When configured in Teachback, all AI question-generation happens on your own hardware — no internet connection required.


  • A Mac (Apple Silicon recommended) or Linux/Windows machine on the same local network as your iPhone/iPad.
  • Ollama installed and running.
  • At least one model pulled (e.g. llama3.2, qwen2.5, mistral).

Terminal window
# macOS (Homebrew)
brew install ollama
# Or download the installer from https://ollama.ai/download

Start the Ollama server:

Terminal window
ollama serve

Ollama listens on http://localhost:11434 by default.


Terminal window
# Recommended: fast and capable
ollama pull llama3.2
# Alternative: reasoning-focused
ollama pull qwen2.5:7b
# Smaller, for low-memory machines
ollama pull mistral:7b

Verify it works:

Terminal window
curl http://localhost:11434/api/chat \
-d '{"model":"llama3.2","messages":[{"role":"user","content":"Hello!"}]}'

Step 3: Make Ollama accessible over your LAN

Section titled “Step 3: Make Ollama accessible over your LAN”
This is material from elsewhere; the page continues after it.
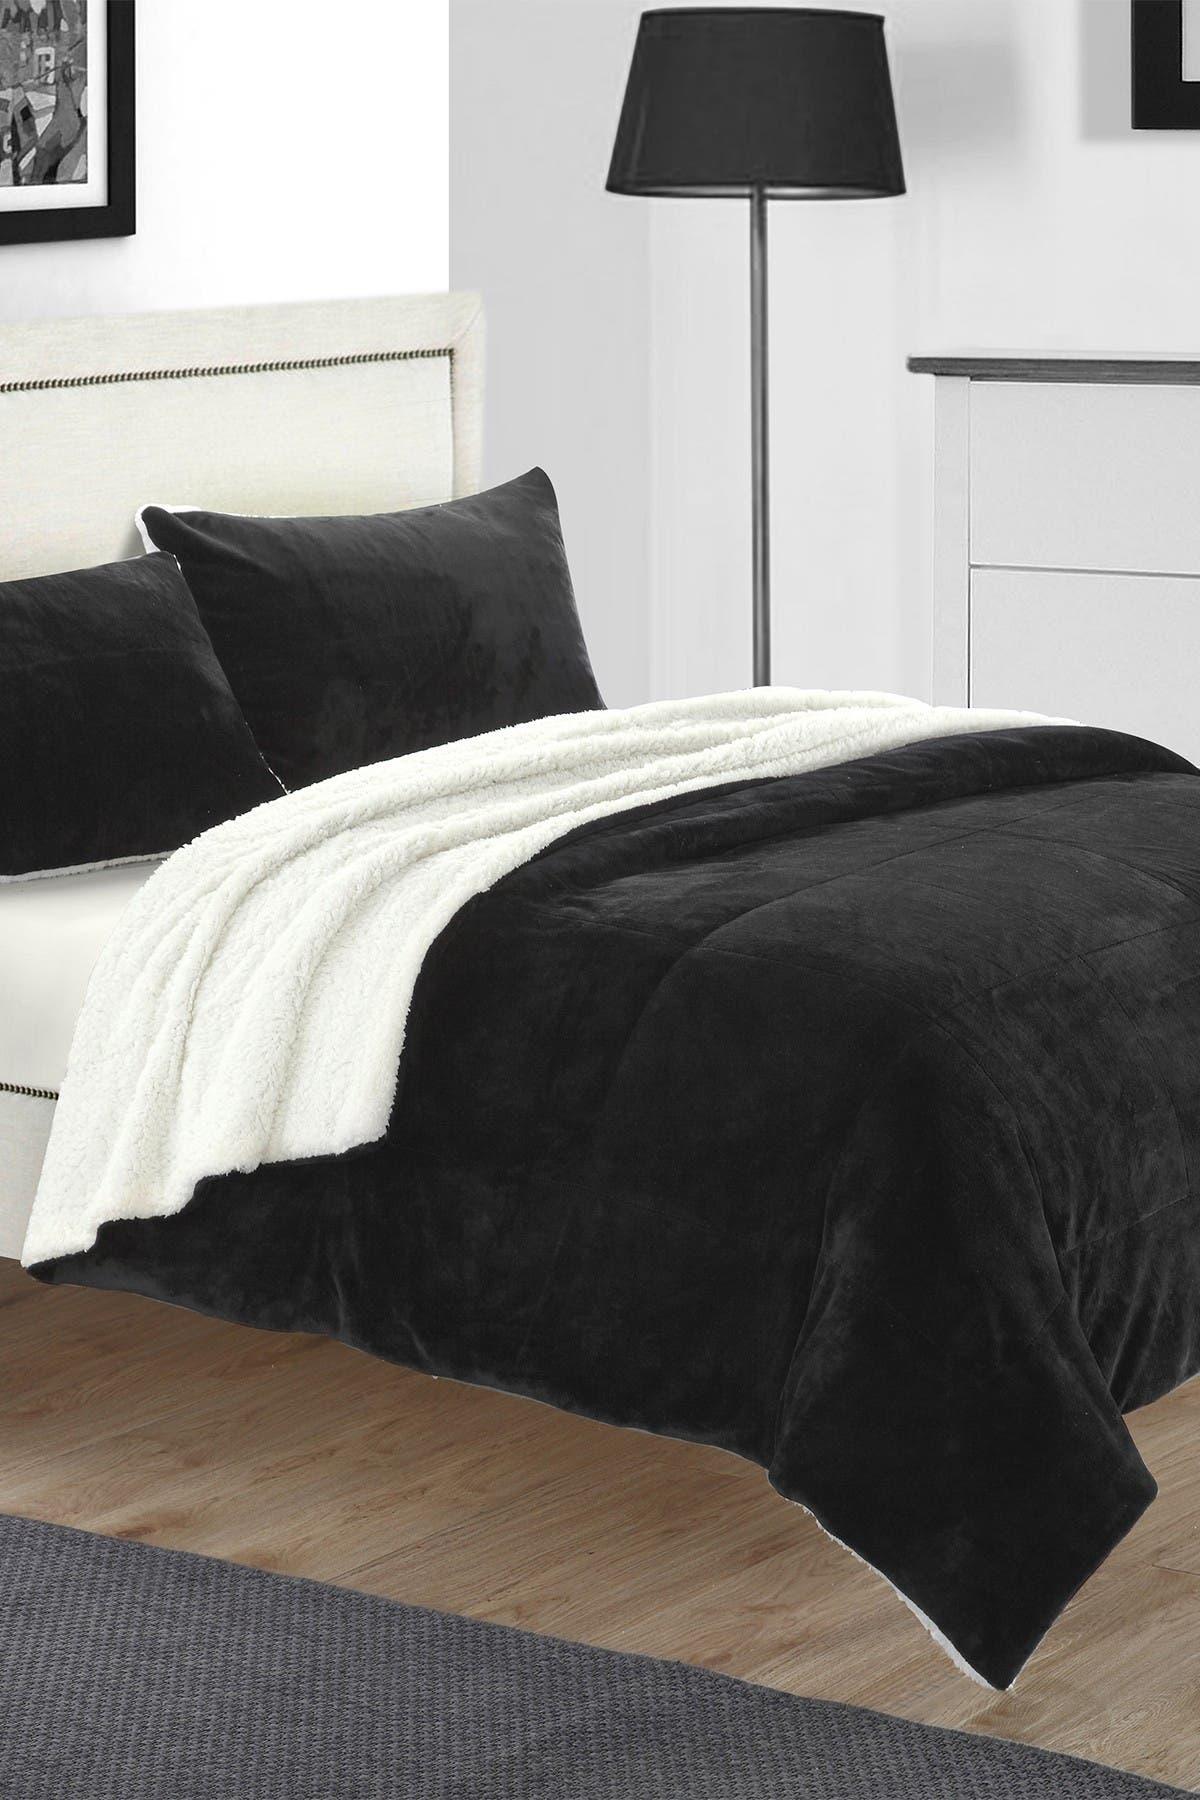 Chic Home Bedding King Evelyn Blanket Set Black Nordstrom Rack
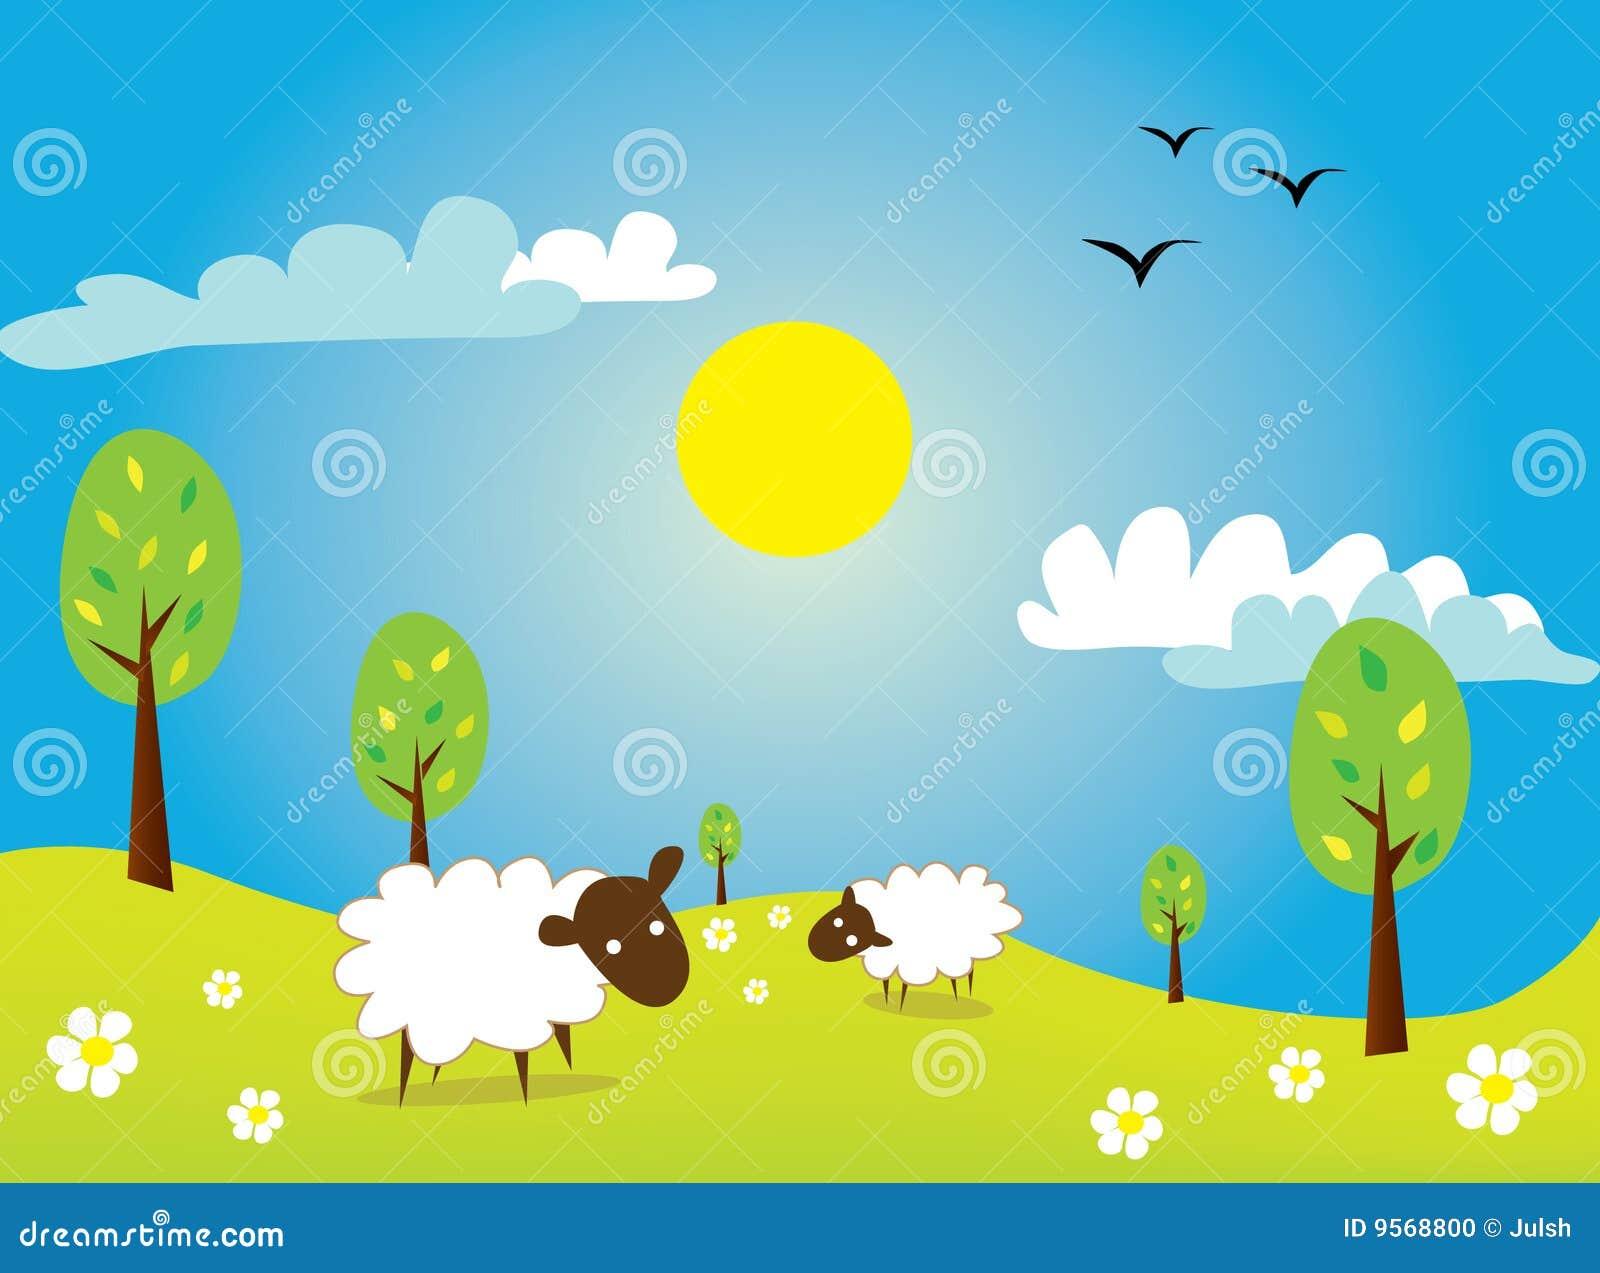 sheep stock illustration illustration of happiness trees

By default, Ollama only listens on localhost — your iPhone can’t reach it directly.
You need to bind it to your LAN IP address.

Terminal window
launchctl setenv OLLAMA_HOST "0.0.0.0:11434"
# Then restart Ollama
Terminal window
OLLAMA_HOST=0.0.0.0:11434 ollama serve

Find your Mac’s LAN IP:

Terminal window
ipconfig getifaddr en0 # Wi-Fi
# or
ifconfig | grep "inet 192"

  1. Open the app and go to Settings.
  2. Tap API Keys & Endpoints.
  3. Scroll to the Ollama section.
  4. Set Base URL to your Mac’s LAN IP, e.g. http://192.168.1.100:11434
  5. Set Model to the model you pulled, e.g. llama3.2
  6. Tap Save.

Teachback automatically uses the Ollama path when useCloudWorker is disabled (i.e., your app is built without a TEACHBACK_WORKER_URL dart-define).
The dev build of the app always uses Ollama.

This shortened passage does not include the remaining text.